Como se verá mais adiante, os modelos de colete e de capa vulgar louvados pelos estudantes de Coimbra como grandes conquistas civilizacionais contra o “obscurantismo” eram aflorações retardadas e esteticamente inferiores a peças vestimentárias que as mulheres do povo conheciam e usavam desde o século XVI. O colete feminino, de bainha lisa ou recortes, a fechar com atilhos, era usado pelas camponesas em contextos de trabalho e solenidades. A versão de luxo podia comportar motivos bordados e tecidos de seda enramada. A capa de honras feminina das lavradreiras abastadas e meias-senhoras (bem com os capotes, mantéus e capoteiras), em lã fina, com golas e bordados ainda era usada um pouco por todo o Portugal nos casamentos, baptizados, funerais, missas, entradas régias e entradas episcopais no tempo em que as primeiras alunas chegaram à UC.
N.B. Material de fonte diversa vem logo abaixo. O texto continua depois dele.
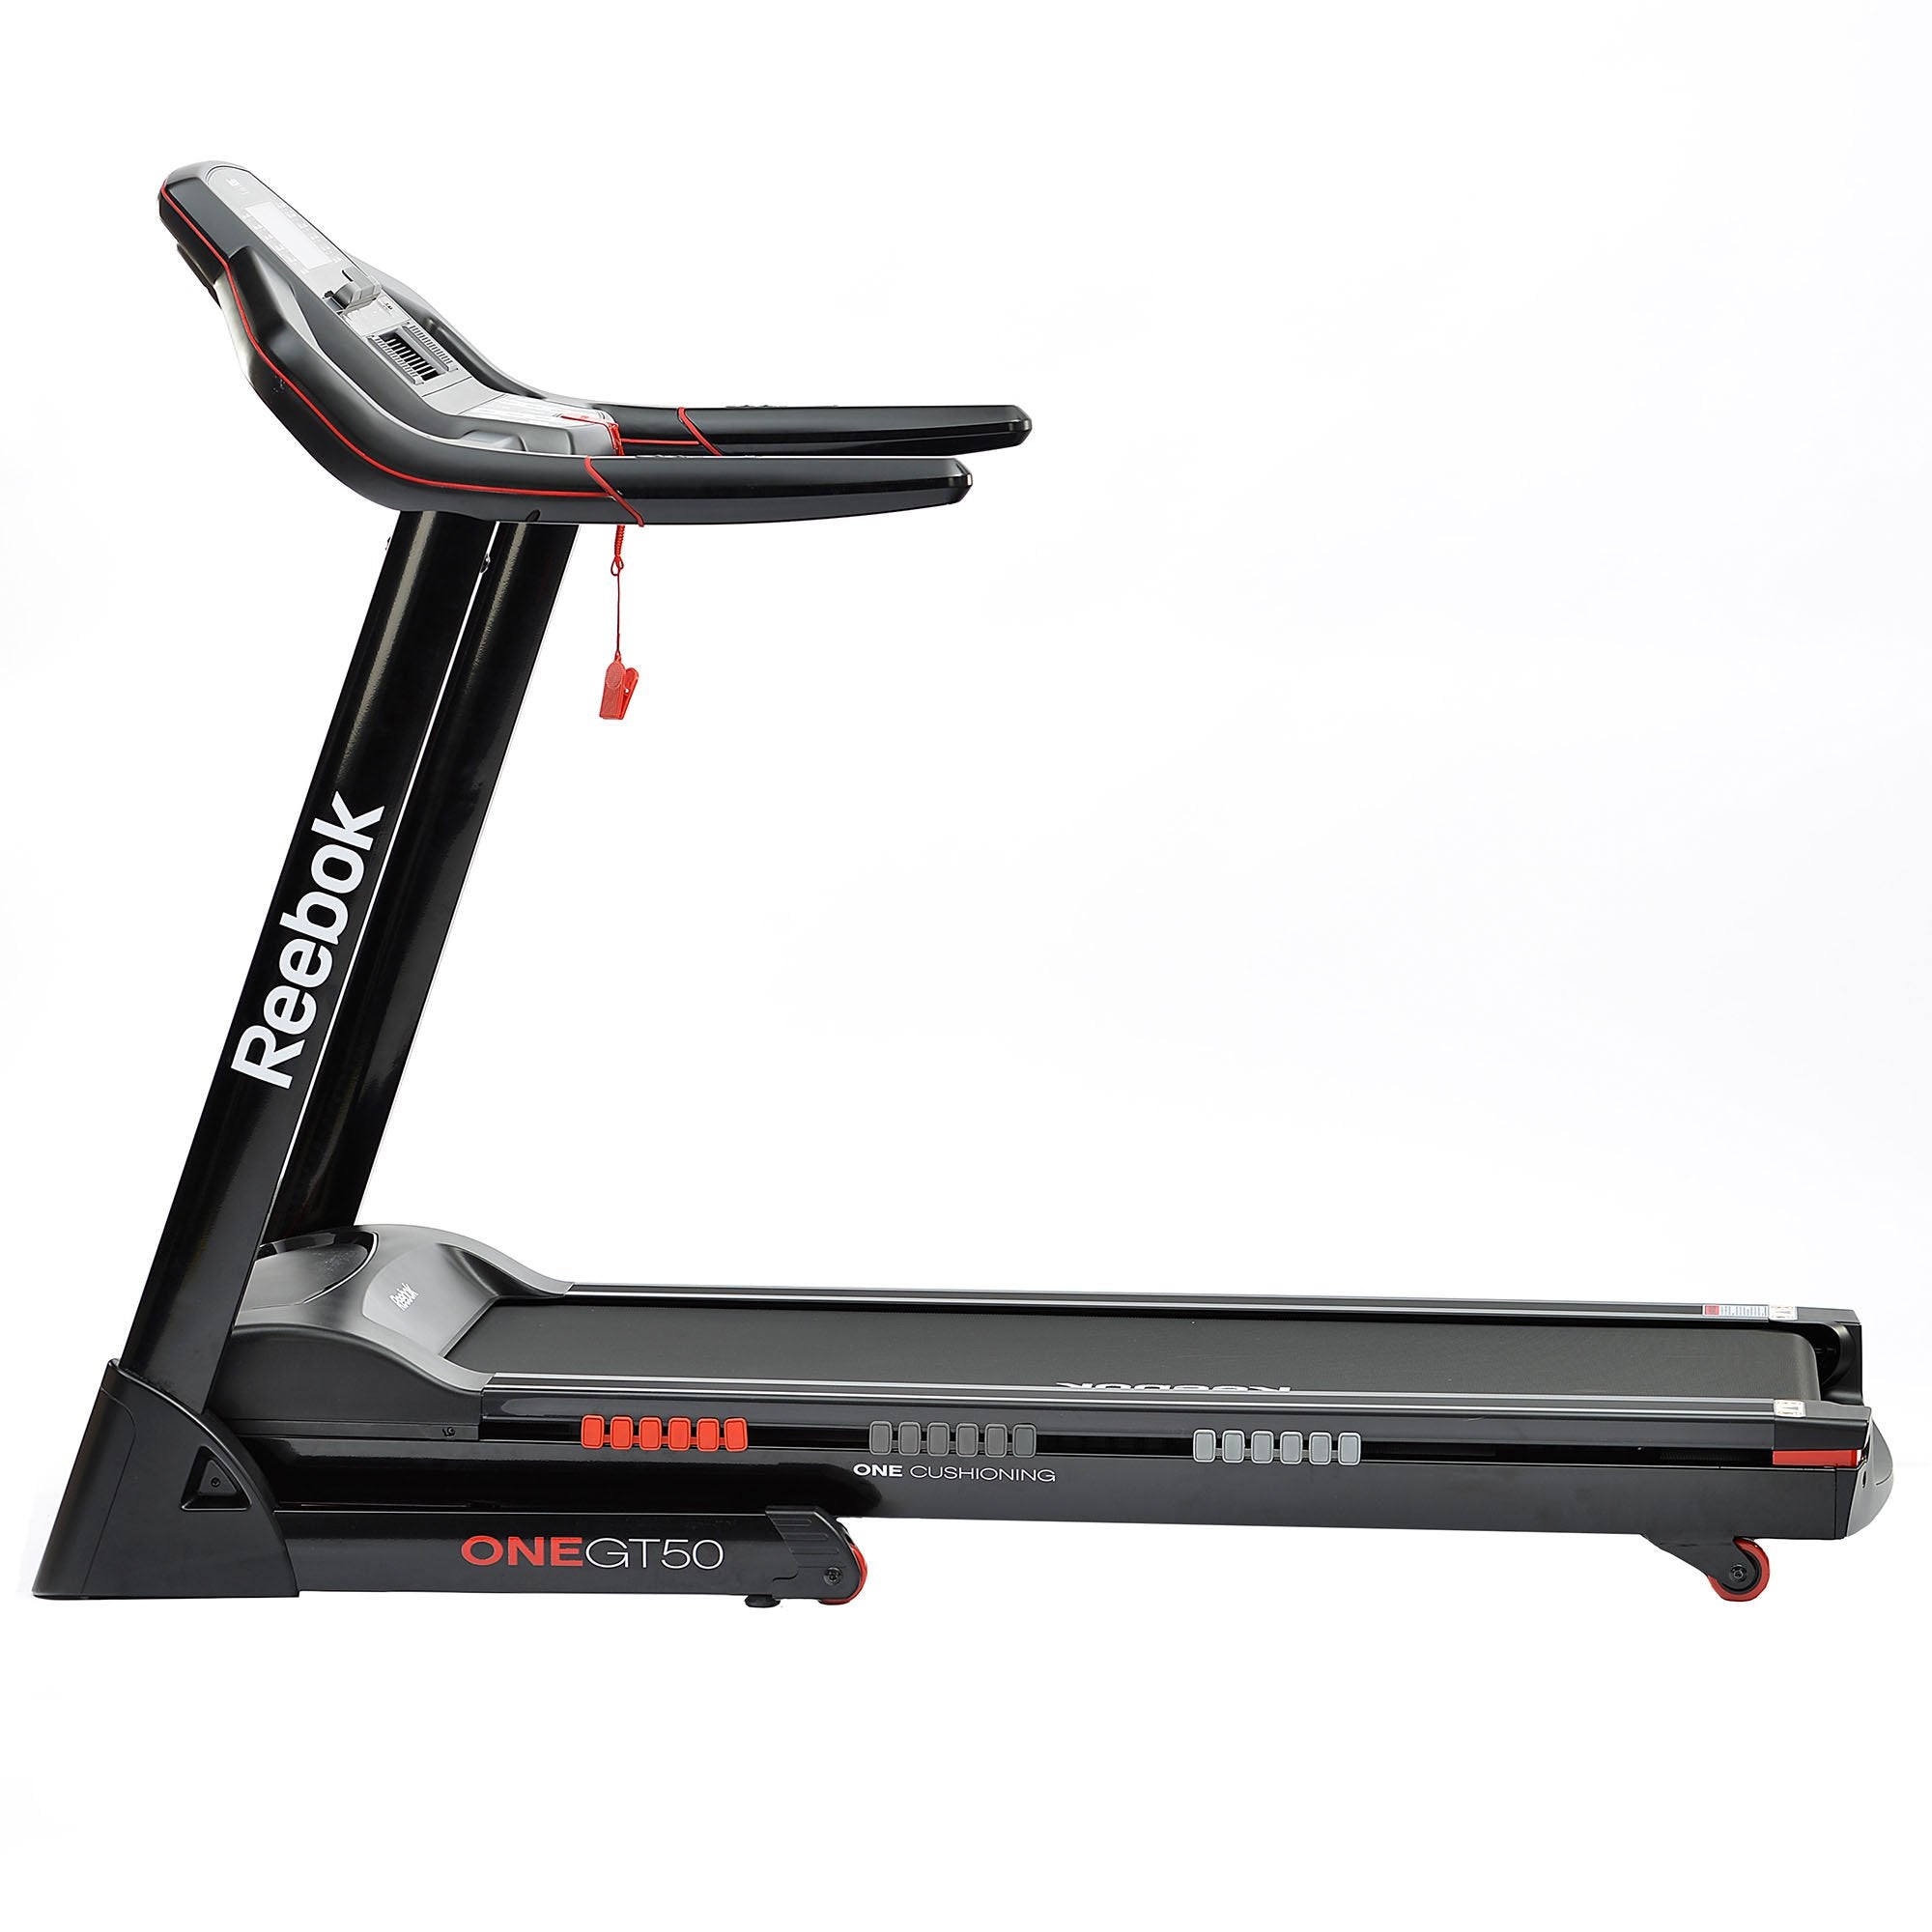 One GT50 Treadmill –

Ao abandonarem o hábito talar tradicional, substituindo-o por um traje burguês citadino, singelo em tecido e figurino, os estudantes de Coimbra proclamavam-se progressistas. Ponderando estas afirmações em 1888, um profundo especialista da cultura e dos trajes propulares, José Ramalho Ortigão, duvidou da pertinência do discurso. A partir do momento em que o traje académico se transformava num produto esteticamente inferior à maior parte das peças usadas pelos camponeses portugueses como traje domingueiro, para se nivelar com o chamado traje ou fato de trabalho, tornara-se difícil descortinar-lhe traços de progressismo.
Em Portugal, as Escolas Médico-Cirúrgicas de Lisboa, Porto, Funchal e Ponta Delgada, fundadas a partir de 1836 , começaram por não instituir qualquer traje talar ou militar para docentes e discentes. O mesmo rumo foi seguido desde 1837 pela Escola Politécnica de Lisboa e Academia Politécnica do Porto , onde o fácies paramilitar não foi bastante para trazer aos muros destas instituições, nos anos iniciais, o grande uniforme napoleónico. Não obstante, os docentes militares das politécnicas usavam as fardas respectivas.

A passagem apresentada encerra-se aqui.